Nine unusual high-performance traits

TC North //December 30, 2011//

Nine unusual high-performance traits

TC North //December 30, 2011//

High-performing individuals, including world-class athletes and business leaders, are different from average athletes and business leaders. High-performance organizations and workplaces are also different from average businesses. What makes them so dissimilar? Here are nine differentiators from high-performance psychology.

1. Willingness to fail. People are willing to fail in order to learn and succeed, and this is encouraged throughout the organization. This characteristic is a great differentiator both for high-performing individuals and organizations. Greatness requires doing and/or being different (think Apple computers); risk is inherent in being different.

2. Motivation driven by excitement, not fear. Both individual and team motivation is driven by excitement versus fear. When you’re in fear, you play not to lose. You focus on not making mistakes and spend a lot of energy covering you butt. This is a negative focus. However, when you’re driven by the excitement of winning or achieving your goals, this is a positive focus. The focus is on what you want versus what you don’t want.

3. Obsessive focus. Leaders are obsessively focused on two things: 1) creating a high-performance culture and 2) being known for one product, service or something that differentiates the company in its market. Average businesses are often too many things to too many people and don’t stand out. This is especially true for entrepreneurs. To be a high-performing entrepreneur, you must be obsessively focused on these two things.

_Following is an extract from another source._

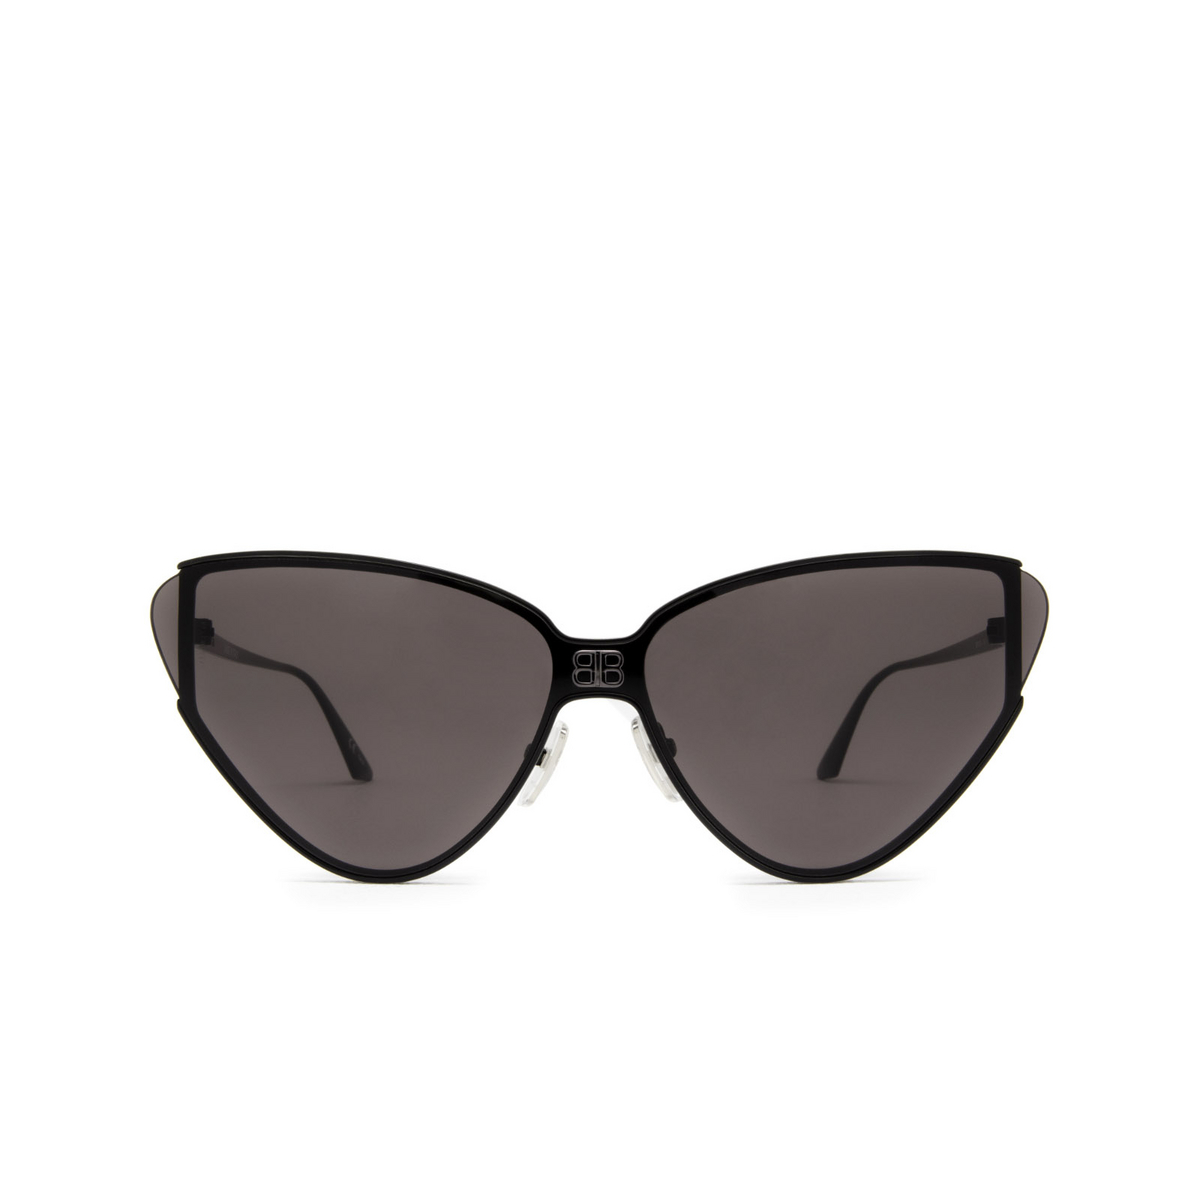 Balenciaga® Cat-eye Sunglasses: BB0191S color Black 001 - front view.

4. Respect. For all team members to be inspired by their leaders and align with the vision and strategies, leaders must be respected. They don’t necessarily have to be respected for every part of their life, but they must at least be respected for their brilliance in vision and strategy. Leaders who are also highly respected for their values and ethics can create an even stronger, values-driven, high-performance culture – the ideal culture.

5. Alignment. To create alignment, people must believe in the vision and in one another. In aligned organizations, trust is extremely high in all interactions, and cover-your-butt, protect-your-turf and “siloing” activities are virtually nonexistent. There’s alignment among the organization’s vision, team goals and individual goals. This characteristic should be pretty obvious, but in reality it’s difficult to find. Basic laws of physics state that the greater the amount of energy you have moving in one direction (toward your vision) and the less resistance you encounter, the faster you progress.

6. Positive accountability. High performers love positive accountability; only masochists like fear-based accountability. Positive accountability occurs when mutually agreed-on goals are regularly discussed, successes are celebrated, and unattained goals are learned from and corrections are made. One interesting exception to this is a culture that combines both acknowledging and celebrating successes with yelling and punishing those who make mistakes. This is the culture of some, not all, high-performing college and professional sports teams. It works because there’s a deep caring, even a love, between the players and coaches. Without this emotional connection, it wouldn’t work.

7. Shared values. Values are shared among all team members and drive all interactions. Interestingly, you can actually have a high-performance team with good values or bad values. If you’re on a team of thieves and you all share a love of conning, lying and stealing, you can actually create a high-performance culture with the shared values of thieves. (I’d like to discourage that, though!)

8. No whining, complaining or excuses. There’s little to no whining, complaining or excuses. People take full responsibility for deadlines as well as their goals and mistakes. This may be the greatest differentiator of all high-performance characteristics! From 2008 through 2010, three really tough years in the U.S. economy, high-performing CEOs and sales professionals took complete responsibility for their results. They didn’t point fingers or blame the economy; they constantly pursued what they could do to thrive in the current situation. During those three years, I know three realtors who had their best years ever! These realtors never whined, complained or made excuses while others did; they put all of their energy into creating opportunities.

9. Meet or exceed. If you implement the above psychological characteristics of high-performance organizations and teams, you’re likely to meet or exceed your critical goals. This is the ultimate measure of becoming a high-performing organization or workplace – you regularly meet or exceed what you commit to accomplish.